Es liesse sich schnell aus schnell gefundenen Formeln, in denen (auch) ein bisschen geheideggerlt wird, ein kugelrunder Blog schreiben:

The response to expression is a sympathetic response.

(1) mitschwingend: sich der Bewegung eines[!] Lebens überlassen; getragen, fortgetragen, erhoben/enthoben werden

(2) sich einstimmend: sich auf etwas Neues/Unerhörtes/noch nicht Gehörtes einlassen; sich neue Möglichkeiten des Ausdrucks erobern; im Unerhörten auf sich selber als den unbedachten Andern treffen; sein Gefühl bilden; zum Wissen gelangen, wie zu fühlen ist, (wie ich fühlen will, wer ich sein will, wer ich bin)

(3) sich führen lassend: der musikalischen Linie folgen - Die Musik 'verstehen' heisst, diese Linie nachzuvollziehen; das Verständnis wächst nicht beiläufig nebenher.

Und zum Schluss dann was Kugelrundes, wo das Unerhörte, wie es in der Musik Ereignis wird, in die Erscheinung tritt als das mitschwingende Sich-Einstimmen auf den Gehalt der Musik, indem deren Linien und Bewegungen im vollen Hörgenuss nachvollzogen werden.


Oh Gott, ist das alles billig! (Wer hat da zu oft an der Kurbel des Kaugummiautomaten gedreht?) - Meine Lieben, ich krieg eine Krise!

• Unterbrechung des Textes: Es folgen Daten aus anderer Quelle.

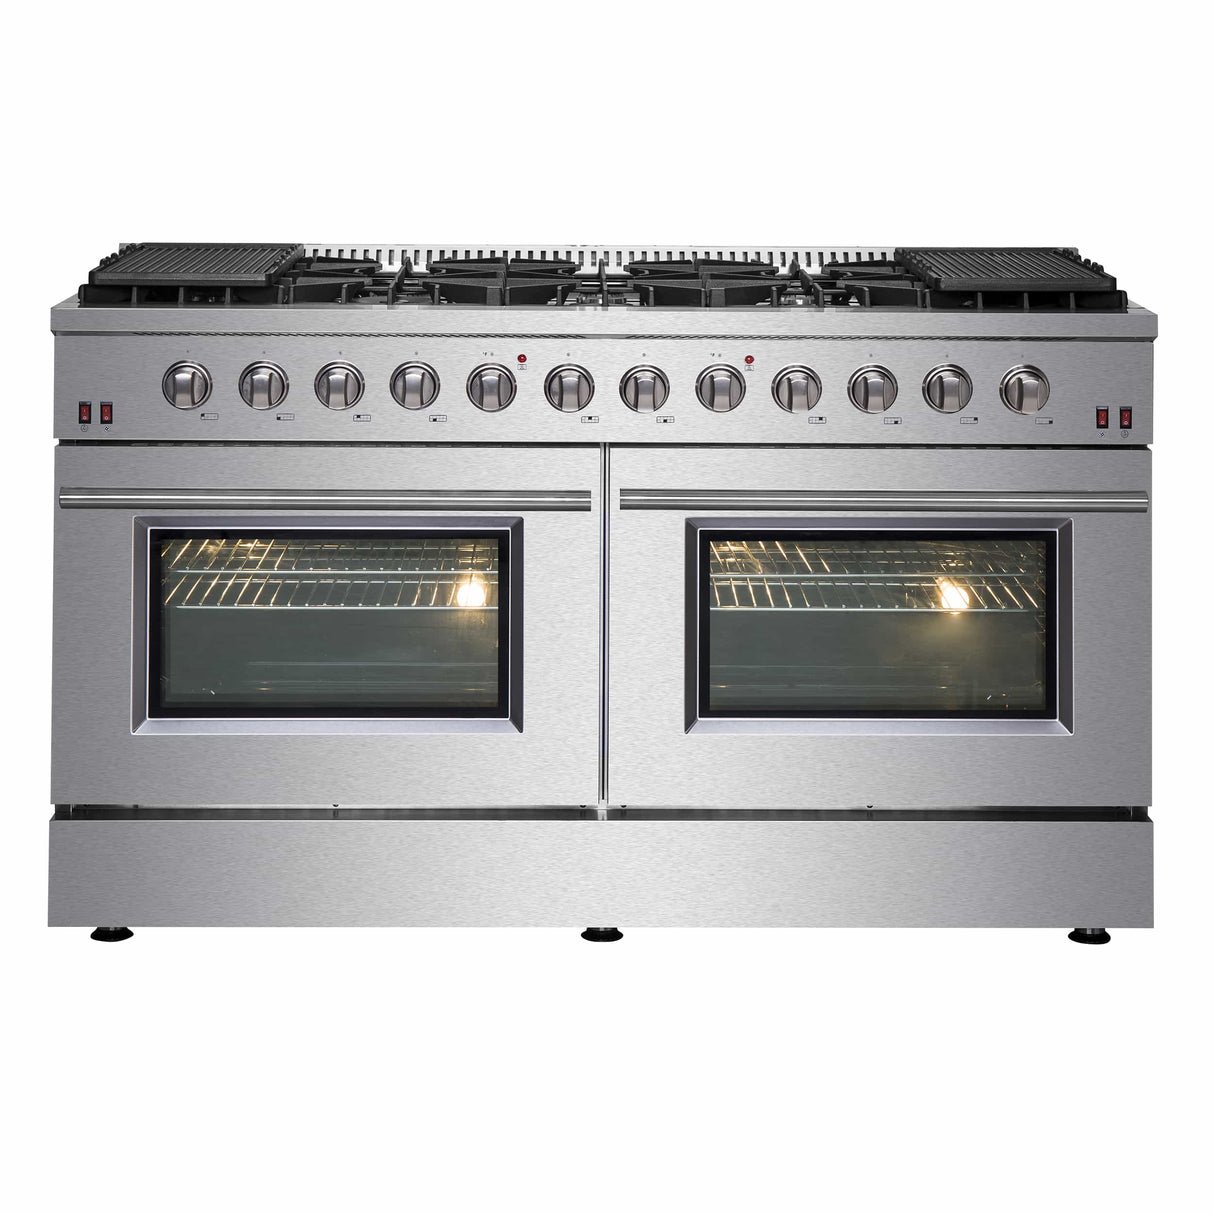 Forno Galiano 60-Inch Gas Range with 10 Burners in Stainless Steel (FFSGS6244-60)

Egal! Was ich sagen wollte: Das 'mitschwingende Sich-Einstimmen auf den Gehalt der Musik' und dergleichen ist mir zu starr. Es schreit nach der 'Verflüssigung des Gedankens'. Ehrenwort! So ist mir zumute. Ein bisschen Dialektik wär halt schon nicht schlecht. Ich meine das ernsthafte Spiel, in dem ein liebender Betrachter, wenn er sich auf seinen geliebten Gegenstand einlässt, mit dem geliebten Gegenstand selber sich verwandelt. Ja, das wollte ich noch sagen.


[So! Krise hin oder her: Ein Anfang ist geschafft. (Hätte Scruton mich heute morgen in der Vorlesung nicht geweckt, wäre es nie dazu gekommen. Ich bin ihm dafür sehr dankbar.) Daran kann ich nun arbeiten. Wenn ich überhaupt dazu komme. Ich kann euch sagen: Dieser Hegel verlangt einem bei schriftlichen Arbeiten etwas ab.]